# How big do lion heads get????



## ricosuave (Dec 23, 2009)

I know this is somthing silly to pull a thread for but how big do lion heads get. I wana add one to my family? What are their temperments like, and can you giv me more general info on them... Off topic, can you also tell me how giant rabbits get along with dwarf rabbits??


----------



## zyymurgy (Dec 23, 2009)

My two lionhead mixes are on the slightly small side, but they might get bigger; so far, they're light enough to comfortably carry on my shoulder. Their attitudes are wildly different, but from what I've heard, my "bad" bunny's behaviour is typical of the breed. XD; She likes to bite and is territorial about her cage, but she can be sweet if you get her to sit still.


----------



## TinysMom (Dec 23, 2009)

As a former lionhead breeder - I've dealt with well over 200 lionheads I think - and I will say that they can weigh anywhere from 2 pounds to 6 pounds (some of the "older style" ones from the imports could be 6 pounds and more). The average tends to be about 3 pounds among breeders who breed for show.

The vast majority of mine were sweeeties and not biters.

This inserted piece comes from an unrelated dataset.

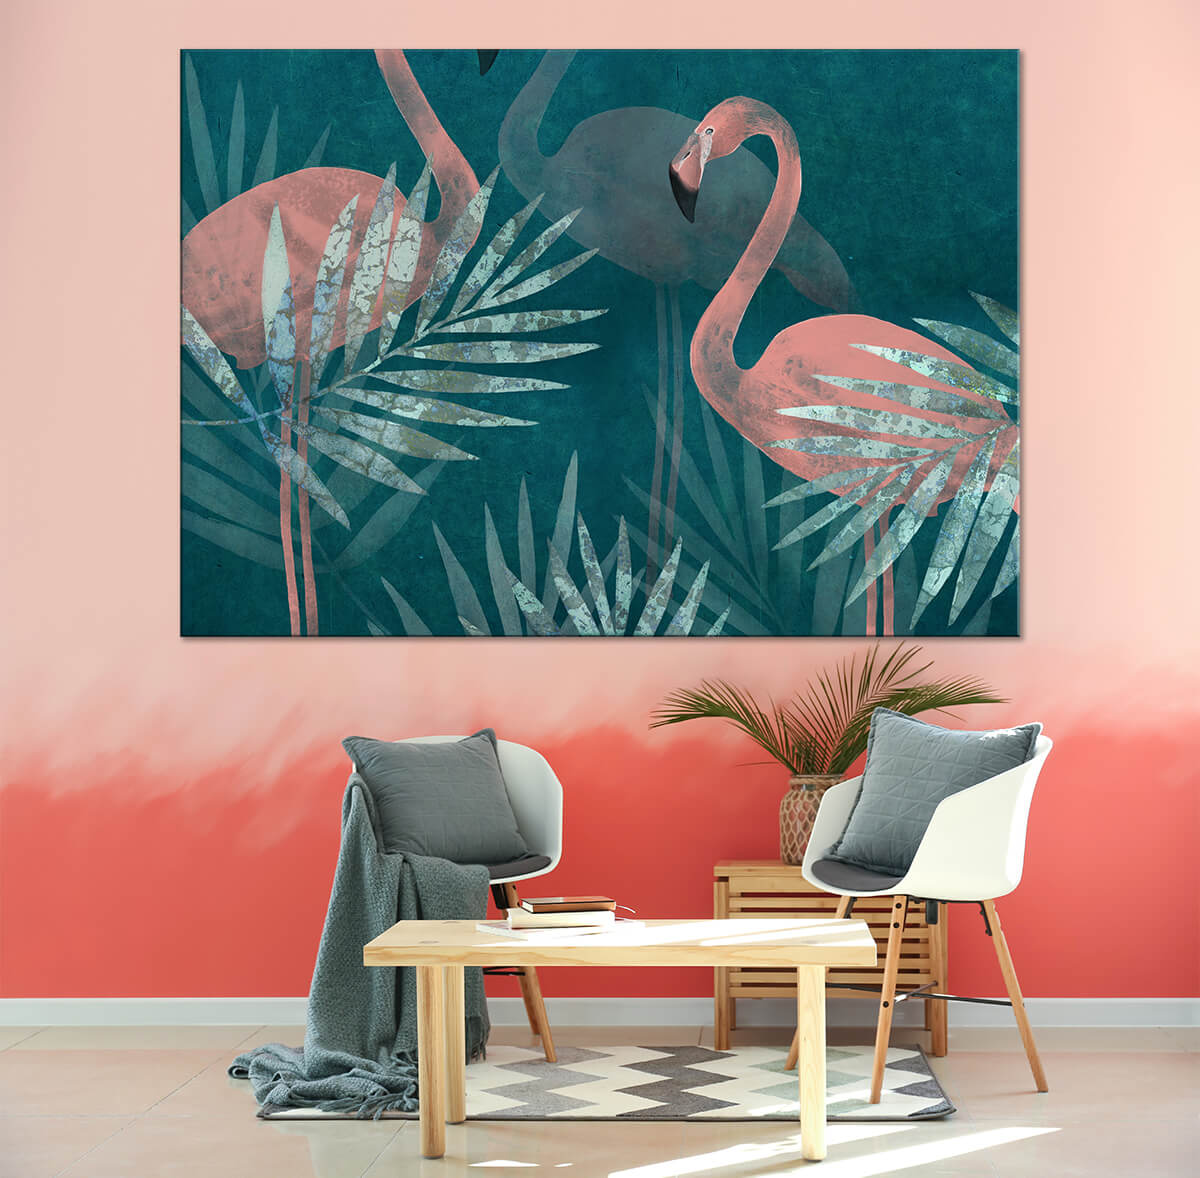 nowoczesne wnętrze w kolorach pudrowego różu obraz na ścianę z flamingami

I've had a few biters - but they usually came from breeders who treated their animals like livestock and not pets. Even my biters came around to be loving usually.

I do recommend folks go to a breeder (or shelter) if looking for a lionhead - the reason I say this is that most GOOD breeders will breed with temperament in mind as well as show quality (backyard breeders...are another thing). A rabbit from a shelter will hopefully have become socialized and used to be handled...so that is why I suggest that too.

Hope this helps!


----------



## irishbunny (Dec 23, 2009)

They can really be any size, it varys from bunny to bunny. Most lionheads are just mixes with manes so it's hard to know for sure.


----------



## messes002 (Dec 23, 2009)

i have a dwarf lion head and he is really cute.but he is tempermental.I got him from a friend of mine that didn't spend much time with him.He was a scardy bunny then but he's getting better.so basically if you get a dwarf i would spend lots of time with him

http://www.lionheadrabbit.net/

Here's a site that tells a lot about lionheads I hope it'll help
It also has lots of really cute pics.of them


----------



## Zyzra (Dec 23, 2009)

I have one, and mine is really skittish, and thumps all the time. But she is not mean and doesnt bite. But like they said, if you get them from a breeder you are more likely to get friendlier ones.


----------



## Bentley (Dec 23, 2009)

My cousins have 6 lionheads and they are all so cute! Haha, if wanted to take one home to have a friend for Bentley but my mom won't let me  anywho, my cousins' rabbits aren't really 'pets' but its not like they never get attention. I tried picking one up and it freaked out, but that might be because they never get picked up. Also, they have a few matts in their fur ._. so make sure you have time to brush them! Sorry didn't really answer your question, haha, I don't believe they get that big though, maybe around 5 pounds? but if you do get one you'll definitly have to put up pictures. I love love love Lionheads!


----------



## Amy27 (Dec 23, 2009)

My lionhead is about 5lbs. She has a little attitude. The vet once told me that lionheads don't think they are rabbits, they think they are lions. She acts like it. She isn't scared of anything. She is never really aggressive. She just lets me know what she wants, when she wants it.


----------



## Korr_and_Sophie (Dec 23, 2009)

My lionhead Penelope is about 3.5 pounds. She is not aggressive, but not all that affectionate either. She will let me pet her and handle her, but she doesn't run up for pets. I would imagine if I handled her a lot and get her used to it, she would like it more. I have noticed that after agility events, she is a bit more willing to be pet. 
I know of a lionhead who is about 5ish pounds. She is bonded to a lion-lop mix who is a bit bigger (closer to 6 pounds maybe). I am not sure of their personalities, but they seem friendly enough, at least with me at agility.


----------



## Capri (Jan 25, 2017)

This is actually a great topic since when sites give weight approximations and standards, they don't always specify that non-show rabbits can weigh more or less than the measurements given. My Felicity weighs more than the show standard. So I was curious to find out if this was normal/okay. She isn't overweight, she just has that big of a body structure. An armful.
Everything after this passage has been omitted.